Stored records
────────────────────────────────────────
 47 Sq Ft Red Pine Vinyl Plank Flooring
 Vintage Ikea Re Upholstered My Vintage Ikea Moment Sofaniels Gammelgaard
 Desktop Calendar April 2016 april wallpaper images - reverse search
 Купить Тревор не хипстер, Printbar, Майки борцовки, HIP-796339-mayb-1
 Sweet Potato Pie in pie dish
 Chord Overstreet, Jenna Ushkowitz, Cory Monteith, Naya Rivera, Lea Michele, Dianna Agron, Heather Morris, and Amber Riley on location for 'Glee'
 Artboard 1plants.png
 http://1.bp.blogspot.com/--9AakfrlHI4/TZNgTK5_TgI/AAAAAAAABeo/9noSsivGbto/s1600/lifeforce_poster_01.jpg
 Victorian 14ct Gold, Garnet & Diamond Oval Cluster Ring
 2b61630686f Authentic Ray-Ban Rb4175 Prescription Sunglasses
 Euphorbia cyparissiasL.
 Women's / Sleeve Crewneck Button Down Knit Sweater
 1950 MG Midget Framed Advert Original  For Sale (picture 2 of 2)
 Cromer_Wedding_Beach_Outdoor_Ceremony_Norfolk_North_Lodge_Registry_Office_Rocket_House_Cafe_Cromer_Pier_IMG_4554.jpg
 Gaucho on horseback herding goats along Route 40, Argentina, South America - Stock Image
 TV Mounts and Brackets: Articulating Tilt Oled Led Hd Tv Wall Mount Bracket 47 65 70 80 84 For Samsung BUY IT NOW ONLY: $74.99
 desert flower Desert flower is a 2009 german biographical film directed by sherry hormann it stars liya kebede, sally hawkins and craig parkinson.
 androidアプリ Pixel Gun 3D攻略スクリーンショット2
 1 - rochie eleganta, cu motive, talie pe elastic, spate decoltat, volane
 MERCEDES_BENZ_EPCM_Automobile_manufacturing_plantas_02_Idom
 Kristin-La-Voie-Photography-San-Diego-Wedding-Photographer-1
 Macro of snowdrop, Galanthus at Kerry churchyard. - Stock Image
────────────────────────────────────────
** Assignment **
Above are the entries; copy every line among them that contains the word "Stock".

** Solution **
 Gaucho on horseback herding goats along Route 40, Argentina, South America - Stock Image
 Macro of snowdrop, Galanthus at Kerry churchyard. - Stock Image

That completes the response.